Think and Reflect (NCERT Textbook Page No. 51)

Question 1.
Try and represent \(\frac{8}{5}\) and \(\frac{-7}{4}\) on a number line.
Solution:
We have, \(\frac{8}{5}\) and \(\frac{-7}{4}\)
For \(\frac{8}{5}\) :
\(\frac{8}{5}\) = 1\(\frac{3}{5}\), which is between 1 and 2.

Now, we divide the interval between 1 and 2 into five equal parts and move 3 parts to the right of 1.

For \(\frac{-7}{4}\) :
\(\frac{-7}{4}\) = 1\(\frac{3}{4}\), which is between -1 and -2.
Now, we divide the interval between -1 and -2 into four equal parts and move 3 parts to the left of -1

Think and Reflect (NCERT Textbook Page No. 55)

Question 1.
Try to prove the Irrationality of √3 using the approach of proof by contradiction, will the same approach work for √5, √7 or √10?
Solution:
Let us assume that √3 be rational.
Then, it will be of the form \(\frac{a}{b}\), where a, b are integers and b ≠ 0.
Again, let a and b have no common factor other than 1.
√3 = \(\frac{a}{b}\), where a and b are co-prime integers.
On squaring both sides, we get
3 = \(\frac{a^2}{b^2}\)
⇒ 3b² = a²
⇒ 3 divides a²
⇒ 3 divides a
So, 3 is a factor of a. …………..(i)
⇒ a = 3c for some integer c
⇒ a² = 9 c²
⇒ 3b² = 9 c²
⇒ b² = 3c²
⇒ 3 divides b²
⇒ 3 divides b
So, 3 is a factor of b. ……………(ii)
From Eqs. (i) and (ii), we observe that a and b have atleast 3 as a common factor. But, this contradicts the fact that a and b are co-prime.
This means that our assumption is not correct.
Hence, √3 is an irrational number. Yes, the same approach will work for √5, √7 and √10, because if a number is not a perfect square then its square root is irrational.

Think and Reflect (NCERT Textbook Page No. 55)

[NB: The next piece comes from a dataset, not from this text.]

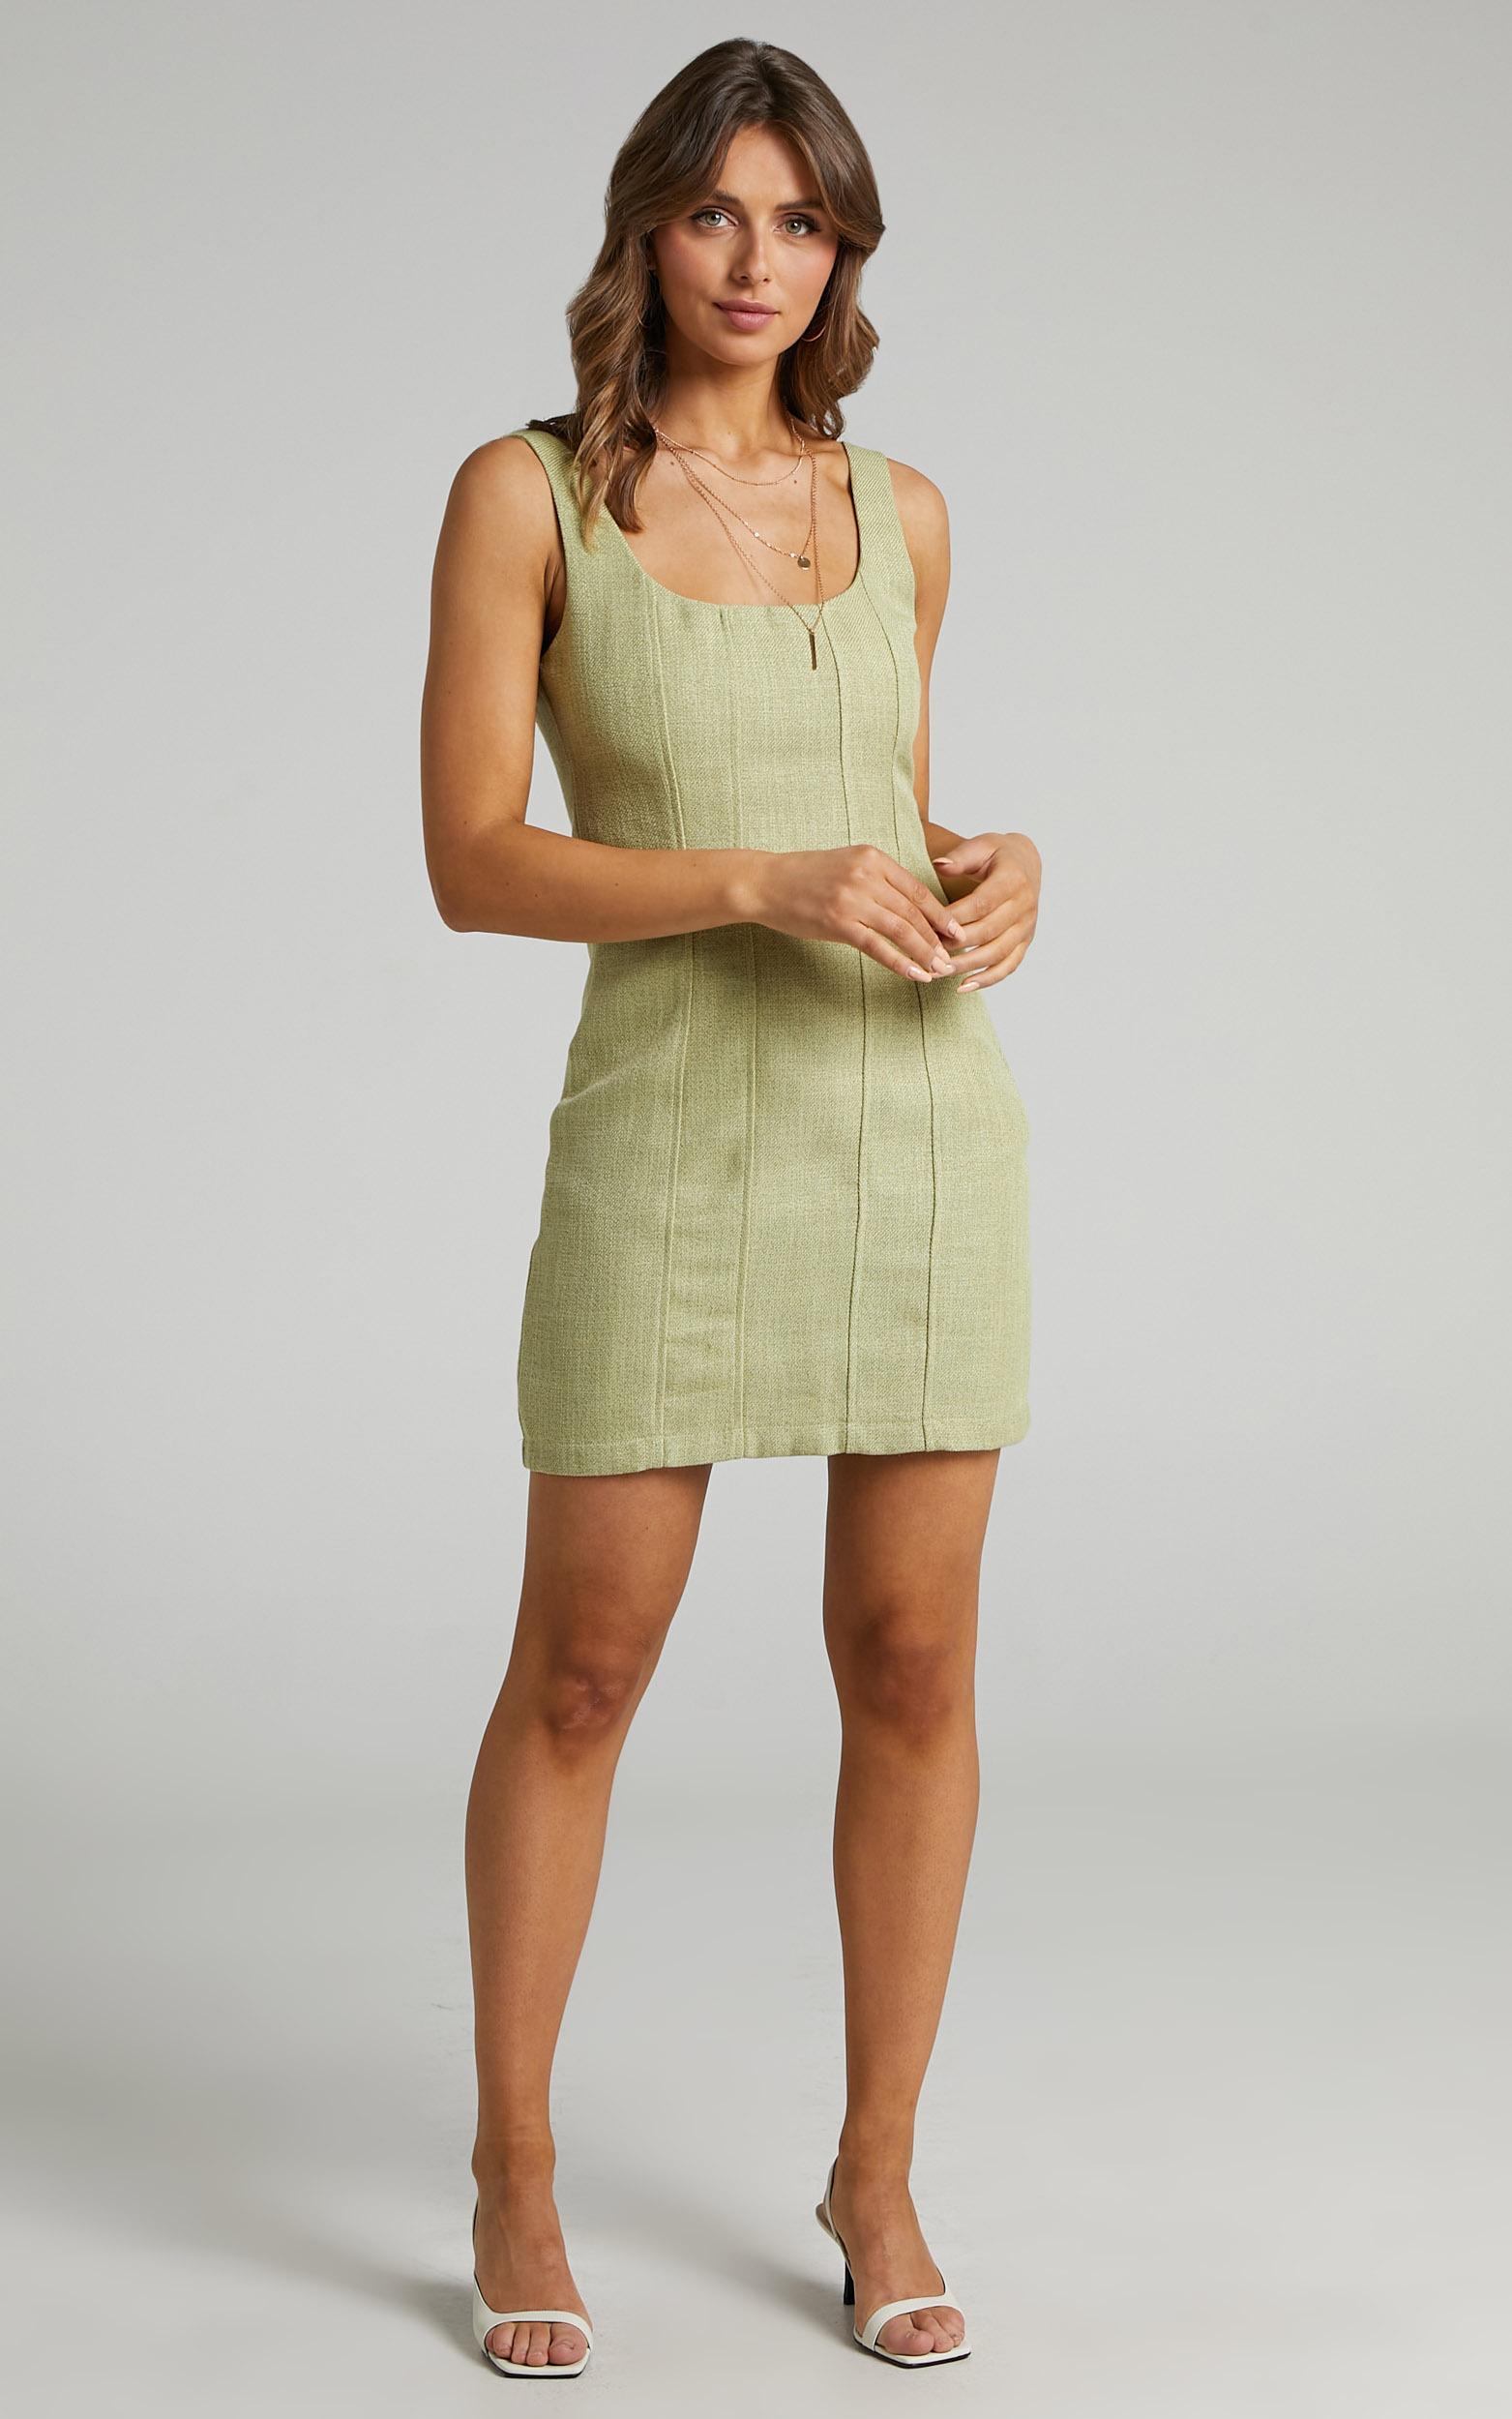 Nimby Mini Panelled Tweed Dress in Green Tweed - 04, GRN1, hi-res image number null

We have seen how to obtain a line whose length is a rational number. How do we obtain lines whose lengths are irrational?
Solution:
Do it Yourself.

Think and Reflect (NCERT Textbook Page No. 56)

Question 1.
Try to extend this method for constructing line segments of lengths √3 and √5 using a ruler and a compass. Generalise this method to construct a line segment of any length of the form 4n, where n is a positive integer.
Solution:
For √3
Step I: Draw a number line and mark point O as zero and mark point A at one unit distance from O, so OA = 1 unit.

Step II: Draw a perpendicular AB on OA such that
AB = 1 unit
In right angled ∆OAB,
OB² = OA² + AB² [by pythogoras theorem]
⇒ OB2² = 1² + 1² = 2
⇒ OB = √2 units

Step III: With O as the centre and OB as the radius, draw an arc that intersects the number line at point A₁.
Thus, OA = OB = √2 units, which means A, represents on the number line.

Step IV: Draw another right angled ∆OA₁B₁ such that A₁B₁ is perpendicular of OA₁ and A₁B₁ = 1 unit.

In ∆OA₁B₁ we get
(OB₁)² =(OA₁)² + (A₁B₁)²
⇒ (OB₁)² = (√2)² + 1² = 2 + 1 = 3
⇒ OB = √3 units
Step V: With O as the centre and DB₁ as radius, draw an arc that intersect the number line at A₂.

Thus, OA₂ = OB₁ = √3 units, which means A₂ represents √3 on the number line.
Similarly, we can construct line segment of length √5 by continuing the process for √3.
Generalisation In the same way, we can locate √x for any positive integer n, after \(\sqrt{x-1}}\) has been located.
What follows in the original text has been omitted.